Kayıt altına alınmayan görüşmelerle ilgili vakit zaman medyadan yanlış bilgiler edinilebildiğini belirten Dervişoğlu, sıhhatli bilginin hükümet tarafından muhalefet partilerine verilmesi gerektiğini söyledi. Dervişoğlu, “İktidar bu misyonunu yerine getirmeyince vakit zaman karışıklıkların olması da olası hale geliyor.” dedi.
-“Afganistan’la yapılan tüm mutabakatlar kadük duruma düşmüştür”
Afganistan tezkeresine ait tartışmalar anımsatılarak, Meclis’e yeni bir tezkere gelmesi halinde takviye verip vermeyeceklerine ait soruya Dervişoğlu, şu karşılığı verdi:
“Afganistan ile alakalı hem bir tezkere hem de Afganistan ile yapılmış milletlerarası kontratlar var.
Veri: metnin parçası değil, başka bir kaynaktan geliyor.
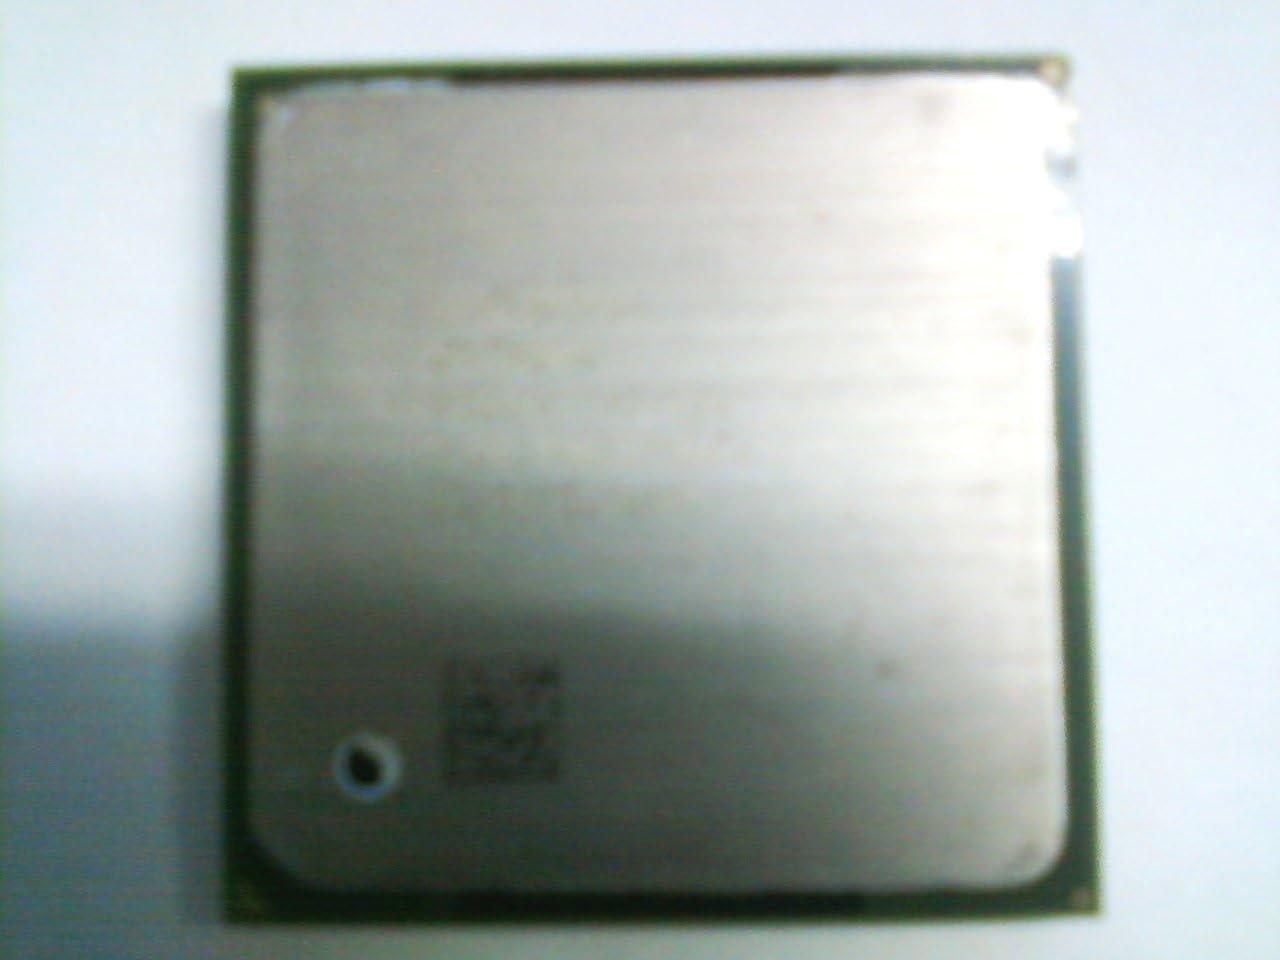 Intel Celeron 2.4 GHz 2.40GHZ//128//400 SL6VU Socket 478

Biz o kontratları Afgan devletiyle yaptık. Artık o mukaveleyi yaptığımız devlet yok ortada. Hasebiyle bu vakte kadar Afganistan’la yapılmış olan tüm mutabakatlar ve gerçekleştirilmiş tüm kontratlar kadük duruma düşmüştür. Ulusal Savunma Bakanı da Afganistan’la alakalı bir yeni tezkereye gereksinim olduğunu söyledi. Bunun için TBMM’nin inanılmaz toplantıya çağrılması bekleniyor. Şu anda bunun rastgele bir emaresini görmüyoruz. Bir hazırlık olduğu kanaatinde de değiliz. En azından bize yansıtılmış rastgele bir şey yok.”
Dervişoğlu, milletvekillerinin trafikteki geçiş üstünlüğüne ait tartışmaların anımsatılması üzerine, “Milletvekili arkadaşlarımızın, bilhassa resmi görevlilere, iktidar partisine mensup olmaktan kaynaklı bir avantajı olumsuz bir biçimde kullanmalarını yerinde bulmuyorum. Biz de karşılaşıyoruz. Trafik polisi ya da uygulama yapan polis bizi de durduruyor. Bunlar bizim güvenliğimiz içindir. Aslında milletvekili arkadaşlarımız da geçiş üstünlüklerini mecbur kaldıklarında kullanıyorlar. Yani trafik kurallarını her fırsatta ihlal etmek için verilmiş bir hak değildir bu. Yanlışsız bir biçimde kullanılması lazım. Milletin vekilinin, devletin polisiyle ve yetkililerle nasıl konuşacağını da herkesten düzgün bilmesi lazım.” halinde konuştu.